Assignment:
Please transcribe the data that follows without the pictures, keeping every word the same.

Supplied material:
▬▬▬▬▬▬
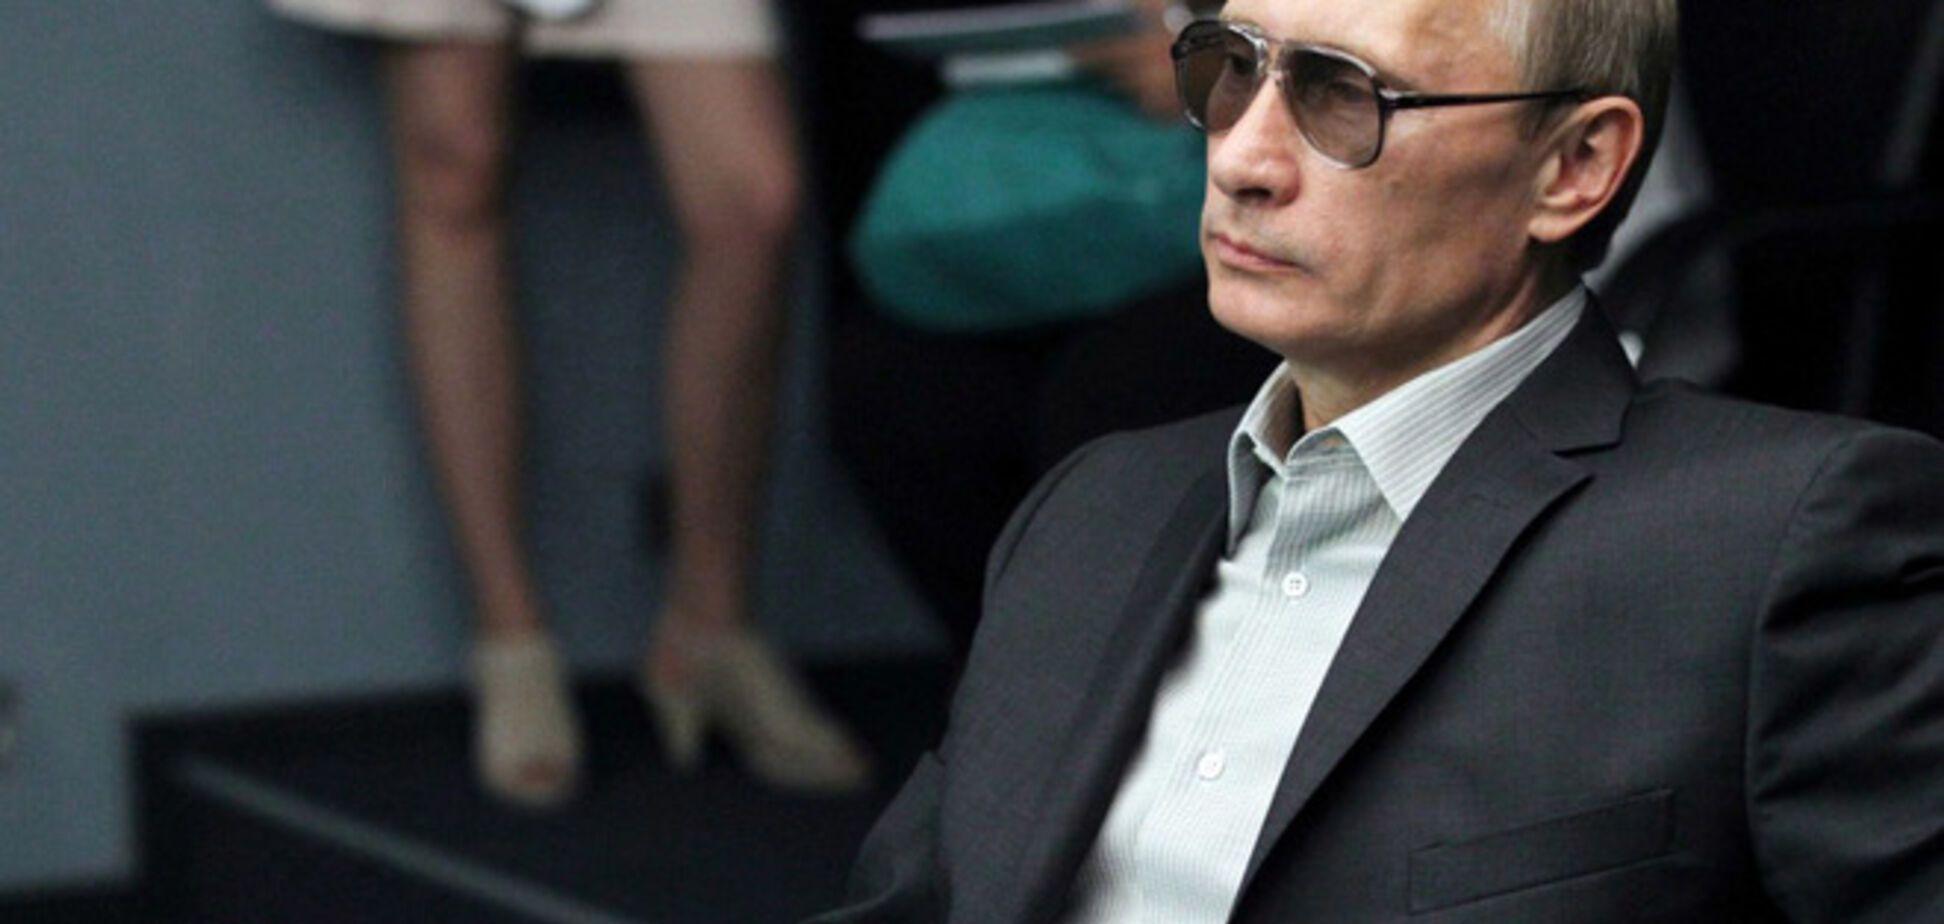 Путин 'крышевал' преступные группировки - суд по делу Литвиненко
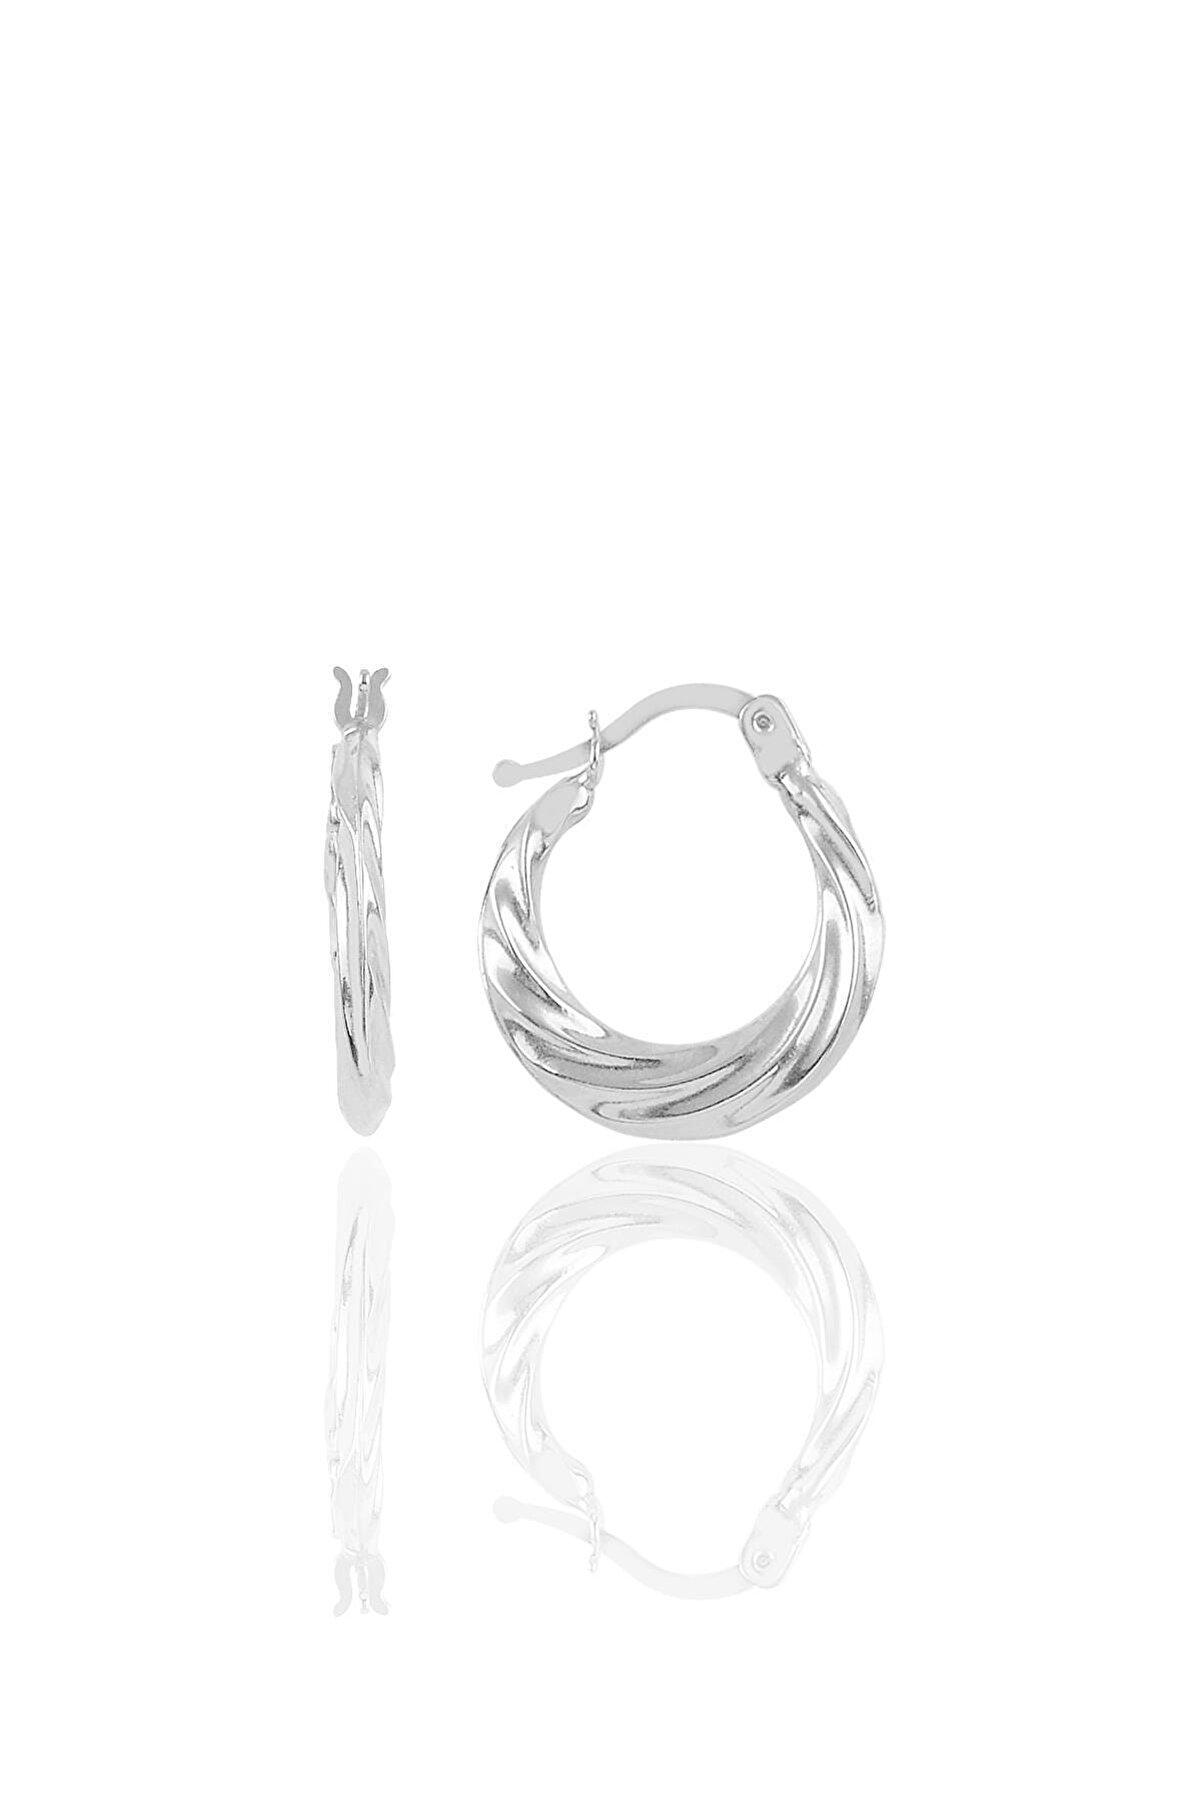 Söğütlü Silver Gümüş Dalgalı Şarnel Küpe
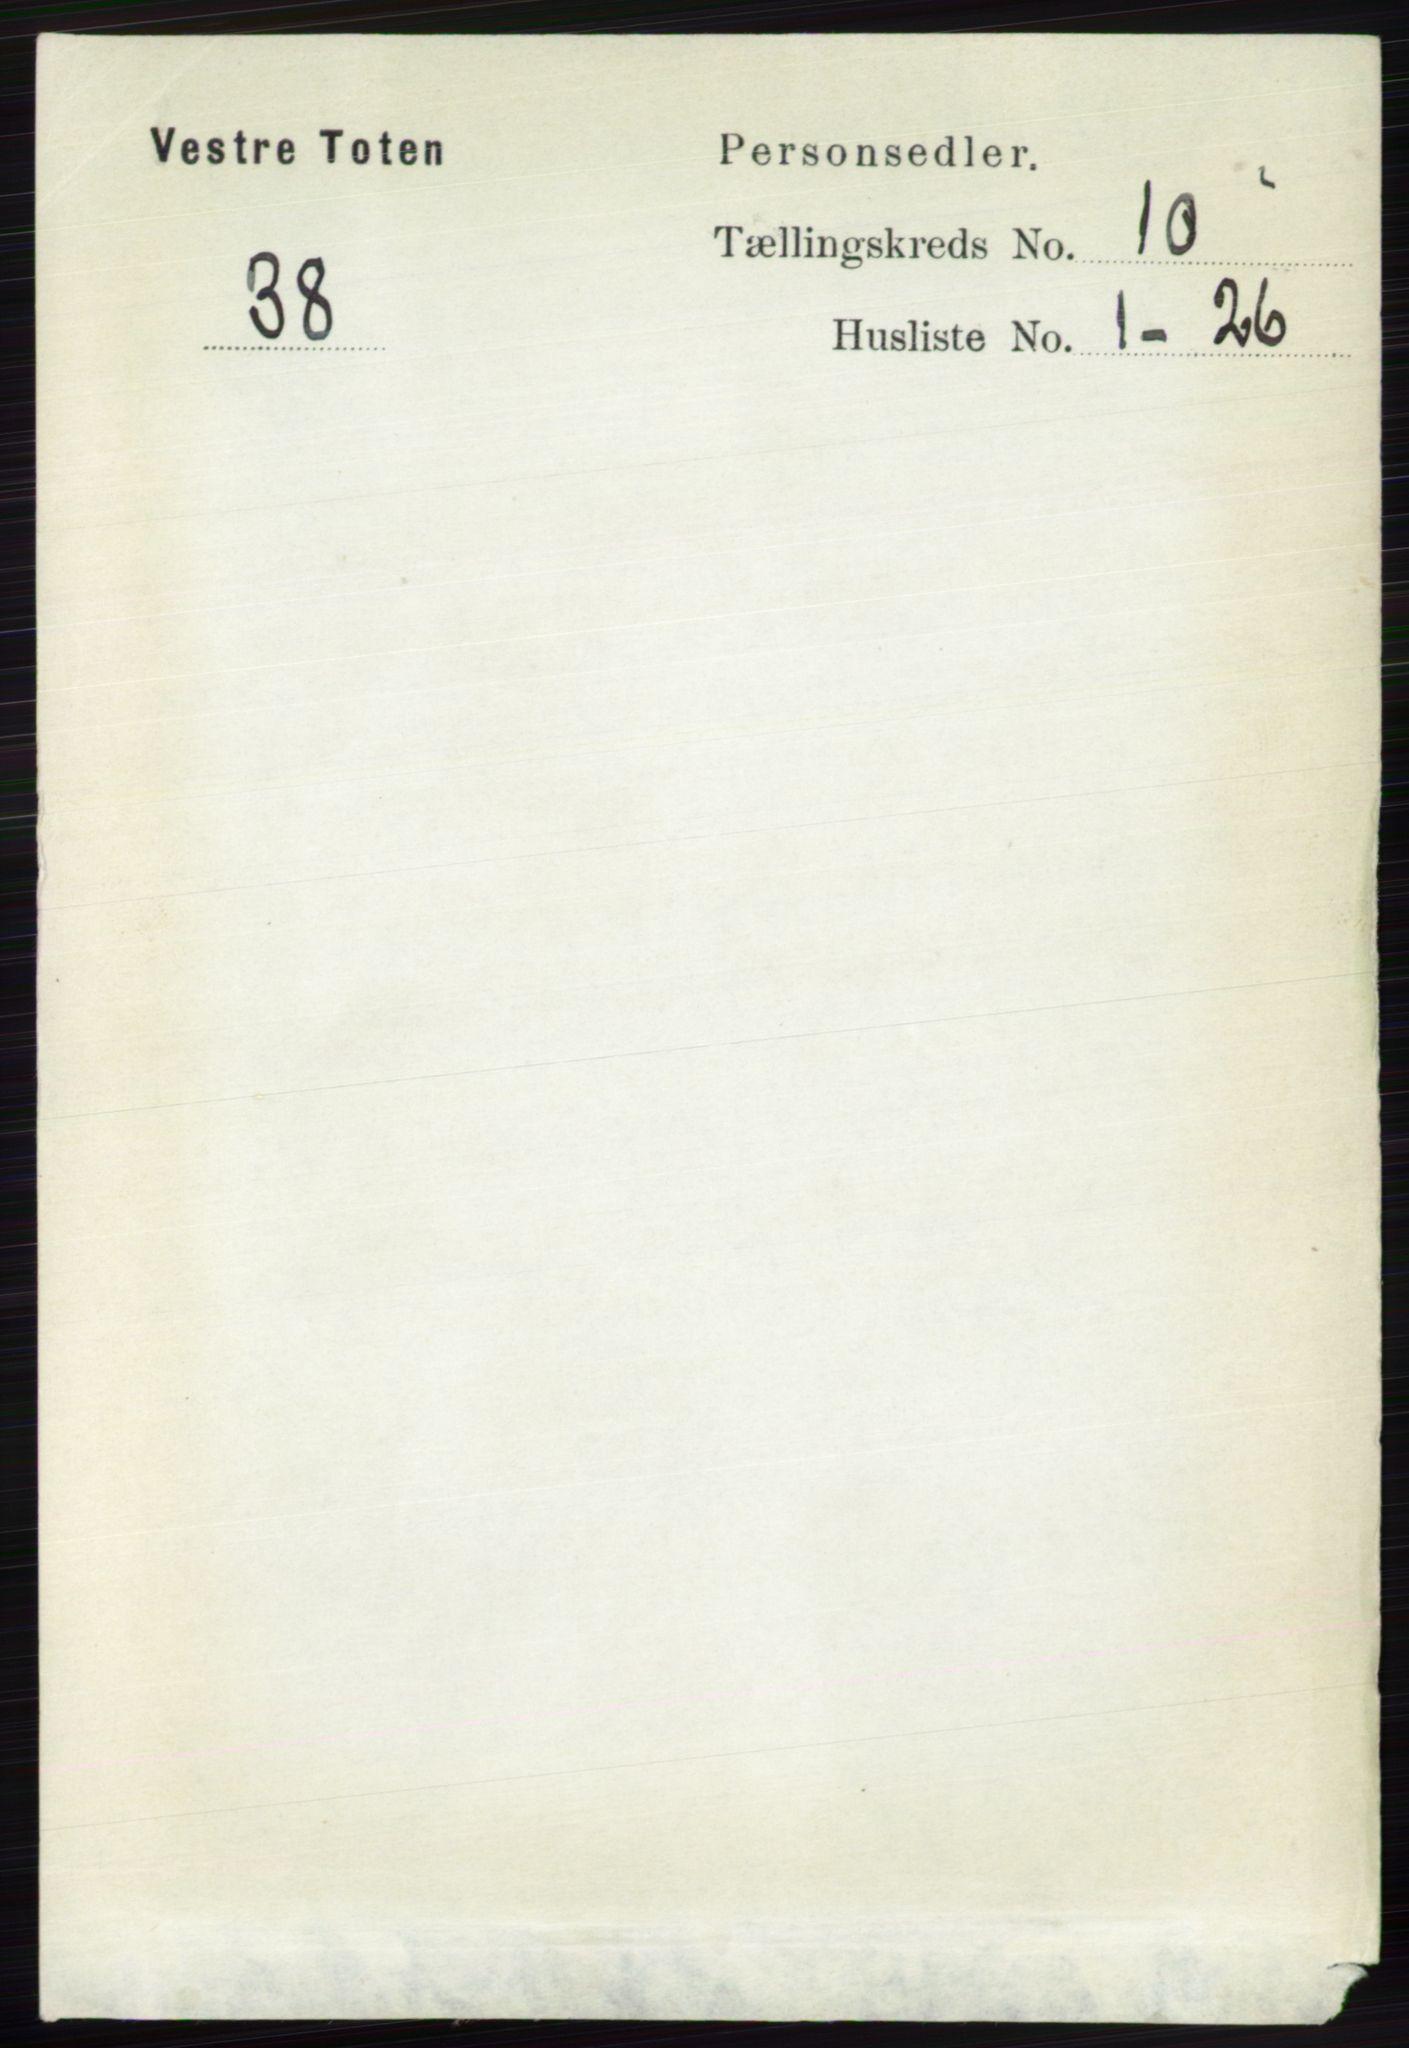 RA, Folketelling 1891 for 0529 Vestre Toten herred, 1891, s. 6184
▬▬▬▬▬▬
Result:
 Путин 'крышевал' преступные группировки - суд по делу Литвиненко
 Söğütlü Silver Gümüş Dalgalı Şarnel Küpe
 RA, Folketelling 1891 for 0529 Vestre Toten herred, 1891, s. 6184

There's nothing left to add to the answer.